701-7 Koehler Avenue, Suite 7 - Ronkonkoma, NY 11779
(631) 981-9700 - www.lakeland.com
FOR IMMEDIATE RELEASE
Lakeland Industries Reports FY 2007 Net Income
of $5.1 million and $0.92 per share*
RONKONKOMA, NY – April 12, 2007 -- Lakeland Industries, Inc. (NASDAQ: LAKE), today announced that net income decreased 1.2 million, or 19.4% to $5.1 million for the year ended January 31, 2007 from $6.3 million for the year ended January 31, 2006. Lakeland is a leading manufacturer of industrial protective clothing for industry, municipalities, and healthcare and for first responders on the federal, state and local levels.
YEAR ENDED JANUARY 31, 2007
Net Sales. Net sales increased $1.4 million, or 1.4% to $100.2 million for the year ended January 31, 2007 from $98.7 million for the year ended January 31, 2006. The increase was primarily due to growth in sales by our UK subsidiary of $831,000, new revenue from India and Chile of $940,000 and the acquired Mifflin Valley, Inc., of $1,261,000 which had revenue in the year ending January 2007 of $3,086,000 compared with $1,825,000 for the year ending January 2006 and growth in China external sales of $183,000, offset significantly by decreased sales in domestic disposable, chemical protection garments and woven garments and lower selling prices in these three categories to meet competitive market conditions. Sales in these three product lines decreased by $2,019,000 over the prior year. Further, sales in Canada decreased by $308,000 due to competitive conditions.

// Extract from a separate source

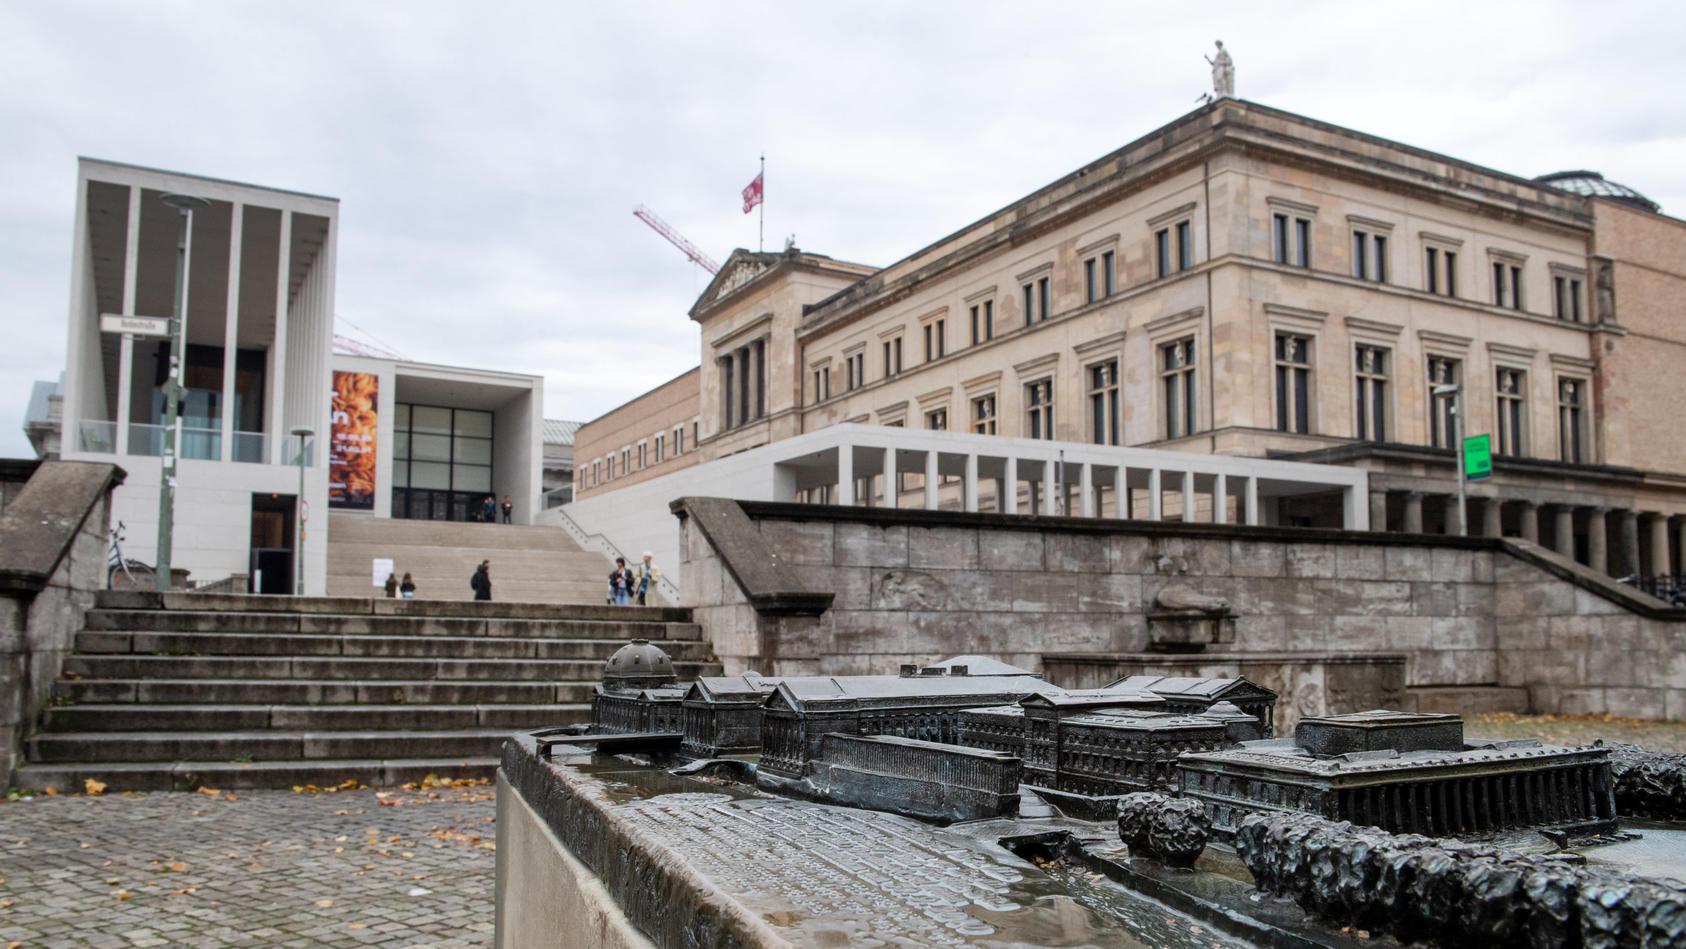 Zahlreiche Kunstwerke auf der Museumsinsel beschädigt

Gross Profit. Gross Profit increased $.35 million, or 1.4%, to $24.3 million for the year ended January 31, 2007 from $23.9 million for the year ended January 31, 2006. Gross profit as a percent of net sales held steady at 24.2% for the year ended January 31, 2007 and for the year ended January 31, 2006, primarily because of cost reductions achieved by shifting production of additional Tyvek®-based products and chemical suits to China and Mexico and changes in the mix resulting from sales of the higher margin chemical suits while incurring costs related to the new facilities in India, Chile and Japan. We have increasingly shifted and will continue to shift production to these lower-cost facilities.
Operating Expenses. Operating expenses increased $3.2 million, or 21.7% to $17.6 million for the year ended January 31, 2007 from $14.4 million for the year ended January 31, 2006. As a percent of net sales, operating expenses increased to 17.5% for the year ended January, 2007 from 14.6% for the year ended January 31, 2006. The $3.2 million increase in operating expenses in the year ended January 31, 2007 compared to the year ended January 31, 2006 was principally due to increases in:
| § | $0.34 million of Mifflin Valley operating expenses included for the full twelve months ended January 2007in excess of the seven months through January included in the year ended January 2006. |
| § | $0.36 million of labor costs resulting from personnel reassigned to SGA departments and vacation accruals which had been assigned to COGS departments in the prior fiscal year. |
| § | $0.83 million of SGA costs from new entities in India, Chile and Japan. |
| § | $0.70 million net increases in sales salaries and commissions, mainly in disposables, wovens and |
| Canada and related payroll taxes. Several senior level sales personnel were added to support lagging sales in Tyvek disposables, support new woven product introductions and coordinate international sales efforts. |
| § | $0.26 million of net increases in insurance and employee benefits mainly resulting from a more negative experience in our self insured medical plan. |
| § | $0.36 million increase in administrative payroll reflecting additional staff in the UK and Canada, an international accountant in NY, a new employment contract for the CEO, and related payroll taxes. |
| § | ($0.08) million reduction in foreign currency fluctuation, mainly resulting form our hedging program commenced in June 2006. |
| § | $0.15 million in share-based compensation. |
| § | $0.05 million in increased directors fees resulting from the new compensation schedule in FY 07 |
| § | $0.05 million in higher professional and consulting fees, largely resulting from audit fees. |
| § | $0.10 million in additional depreciation mainly resulting from the purchases of facilities in FY 06 |
| § | $0.14 million in increased bad debt expense resulting from two large accounts reserved against. |
| § | ($0.13) million miscellaneous net expense decreases. |
Operating Profit. Operating profit decreased by $2.8 million, or 29.3% to $6.7 million, from $9.5 million for the prior year. Operating income as a percent of net sales decreased to 6.7% for the year ended January 31, 2007 from 9.6% for the year ending January 31, 2006 primarily due to increased operating expenses as discussed above.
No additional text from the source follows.